El abuso no tiene país, no tiene raza, no tiene género, no tiene parentesco, no tiene edad ni status social...

Lamentablemente en todos los ámbitos que nos movemos existe el abuso. Y lo más aterrorizante es cuando éste se normaliza y de alguna manera se justifica.

Vivimos en una sociedad que normaliza todo cada vez más, en un afán sin fin de no quedarse atrás o de ser tildada de retrógrada.

Quiero compartir esta historia que no es mía, que no sucedió acá en Uruguay y que la publicó el diario El mundo de Madrid.

Me llegó de casualidad y es una vivencia tan sobrecogedora y espantosa que quité algunos detalles, porque hasta desde la distancia me dolieron.

Quiero empatizar con toda el alma con esta mujer rota, luchando por unir sus pedazos demasiado pequeños y demasiado desperdigados en el tiempo; pero que con infinito valor se levanta cada día. Y quiero homenajear a mis propias mujeres que han pasado por traumas similares y que con tanta resiliencia han salido adelante.



Tiene dos hijos, 38 años y fue violada casi a diario por su hermano hasta que cumplió los 14. Ella es una de las 600 mujeres atendidas anualmente por violencia sexual en Madrid

Un día de 2013, Laura no aguantó más y tomó la decisión de suicidarse arrojándose desde un tercer piso.
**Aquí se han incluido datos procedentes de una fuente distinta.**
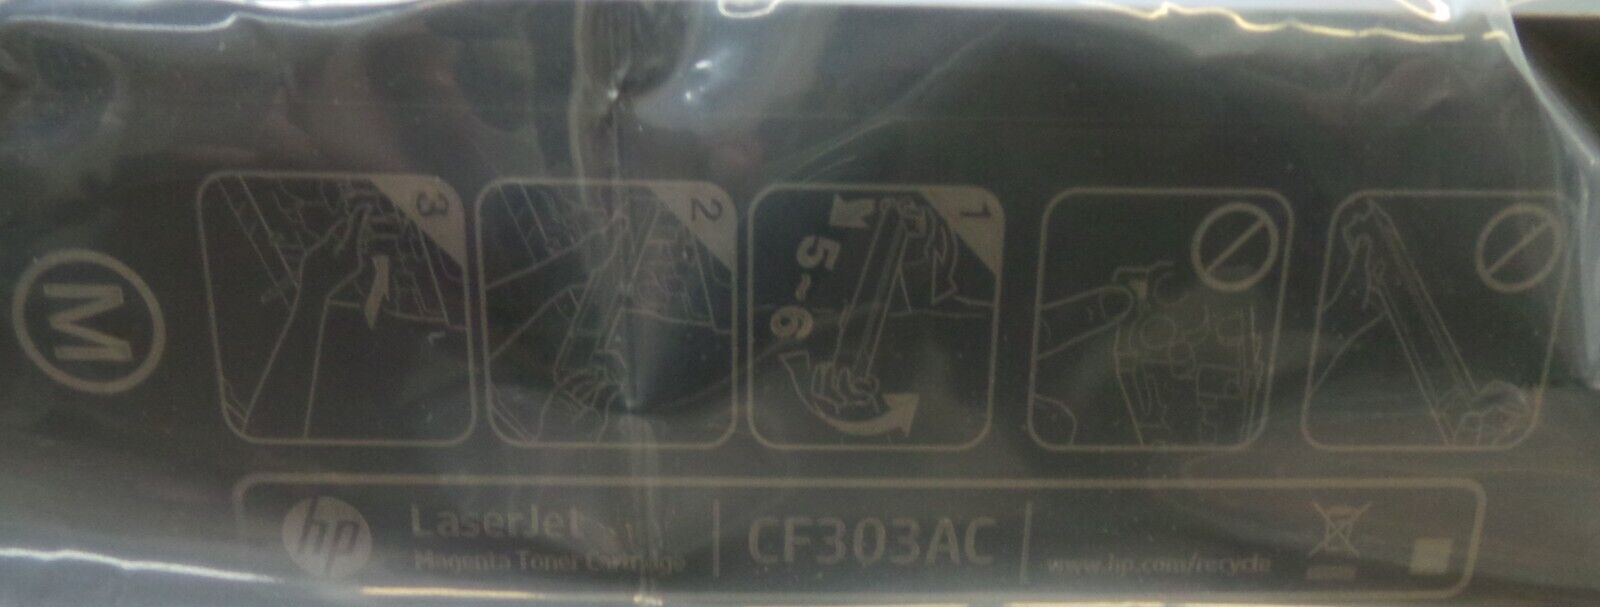 HP CF303AC  827A Magenta Toner Cartridge M880z, New Sealed Beg

Lo dejó todo preparado. Hizo la cena. Se la dio a los niños. Los acostó. Esperó a que estuvieran durmiendo. Y entonces se puso a escribir una carta a mano en la que se despedía de su marido, le pedía perdón y le reclamaba tres cosas.

La primera cosa que le reclamaba era que cuidara de los niños. La segunda era que no les hablase mal de su madre. Y la tercera -sobre todo y por encima de todo- era que jamás permitiera que a ninguno de sus dos hijos le pasara lo que a ella le pasó.

Lo que a ella le pasó cabe en una sola línea. Pero ocupa una vida entera: fue violada casi diariamente por su hermano mayor hasta que cumplió los 14 años.

Amaneció al día siguiente en aquel tercer piso. Laura no se había suicidado. A cambio cogió un cuaderno y se puso a escribir un diario donde cuenta su historia.

Es una historia extrema y sórdida. A ratos desagradable. EL MUNDO ha retocado ciertos datos biográficos para preservar su identidad -Laura no se llama Laura- y ha omitido otros por innecesarios.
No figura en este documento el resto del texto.